An Italian religious studies teacher has been suspended for depicting the Apocalypse so vividly that it shocked an elementary school girl to tears. The teacher wrote to the Pope, who has sent her an encouraging response.

Pope Benedict XVI (Sergey Gabdurakhmanov)
Pope Benedict XVI (Sergey Gabdurakhmanov)

ROME - Pope Benedict XVI has offered his support and blessing to an Italian elementary school teacher who was suspended for showing graphic images of the apocalypse to her students, leaving some in tears.

Cristina Vai, a religious studies teacher at Bombicci school in Bologna, gave a lesson to her mostly six-year-old students on the struggle between good and evil , showing graphic images of violent fights between angels and the devil, and God's punishments.

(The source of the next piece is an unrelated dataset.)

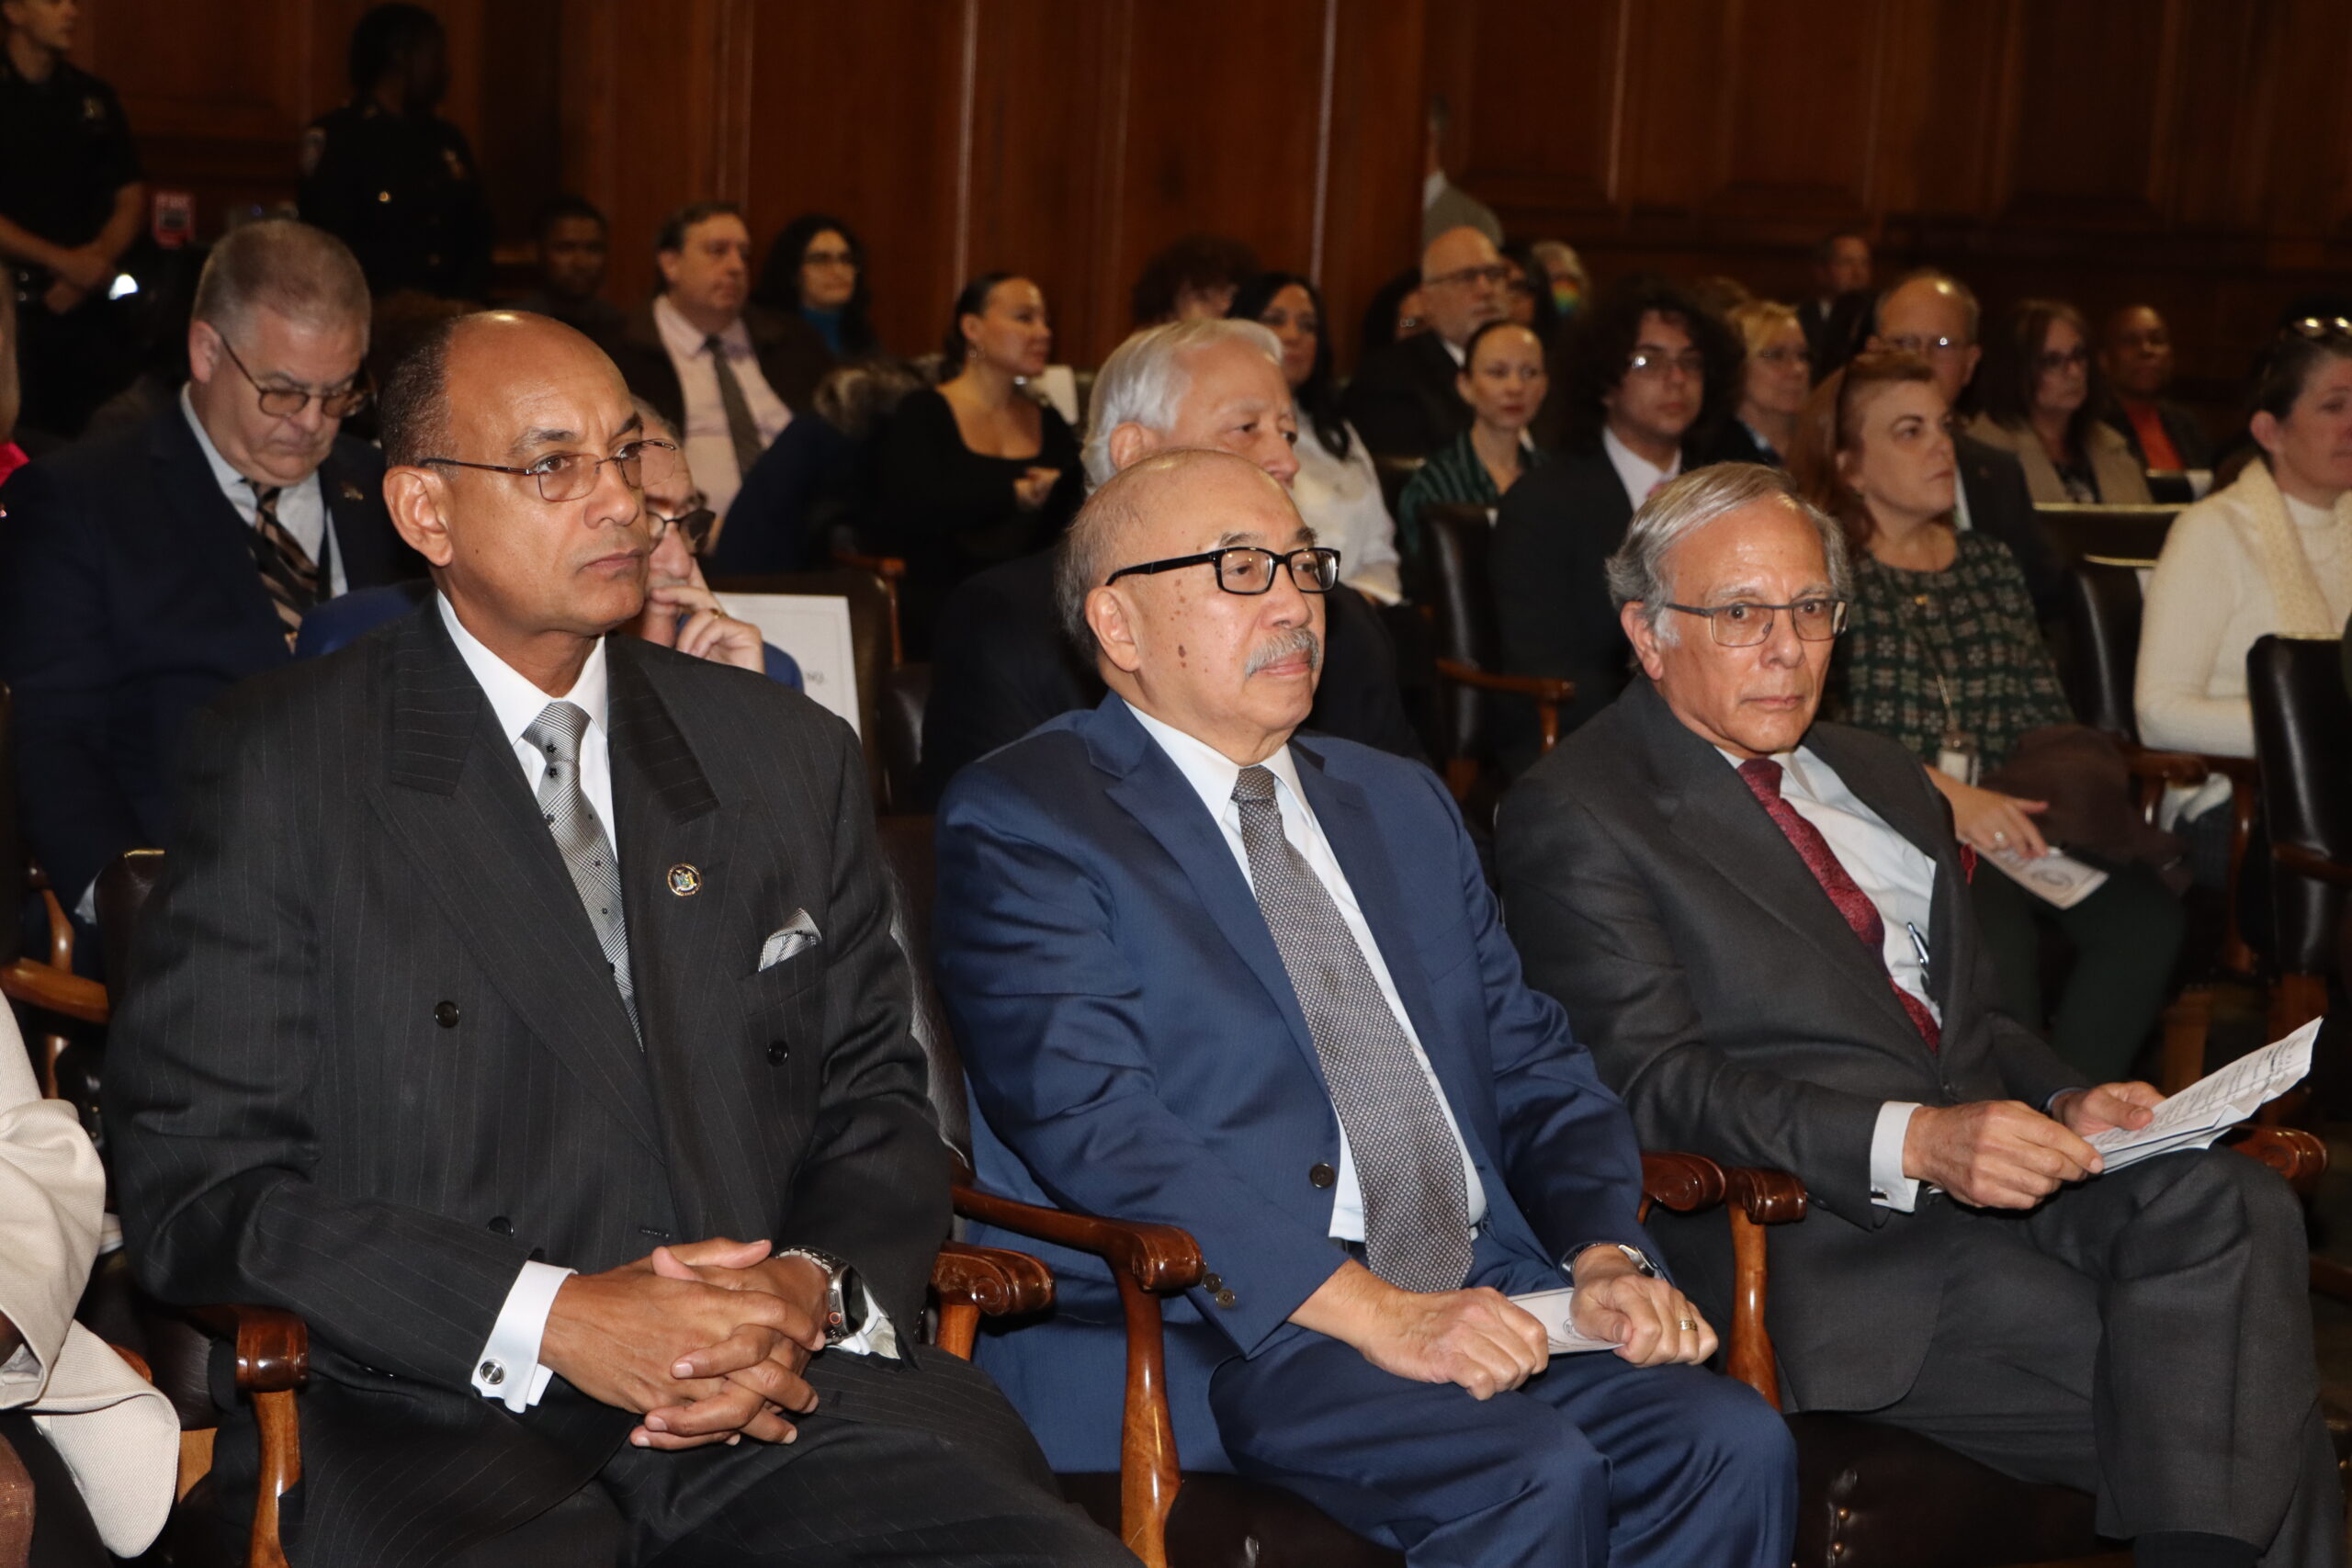 With a front row seat, from left to right, Hon. Norman St. George, former Presiding Justice Randall Eng and Scott Mollen at Milton Mollen Commitment.

The parents of a pupil complained with the school director that her daughter had been shocked by that lesson, and Vai was subsequently suspended. The veteran teacher called for help from the very top. "At the end of November, I wrote to the Pope, to tell him my situation and to thank him for his heroic battle against the current nihilist Zeitgeist," she said.

A few days ago, she received an answer. In a letter from Peter Brian Wells, Assessor of the General Affairs of Vatican Secretary of State, the Pope is quoted giving his blessing to the teacher, and expressing his support for a profession "executed with commitment and dedication." Benedict does not specifically cite the controversy, but thanks Vai for her "faithful gesture and for the sentiments that have inspired you. He prays for a constant generous commitment to shape a young generation of Christians."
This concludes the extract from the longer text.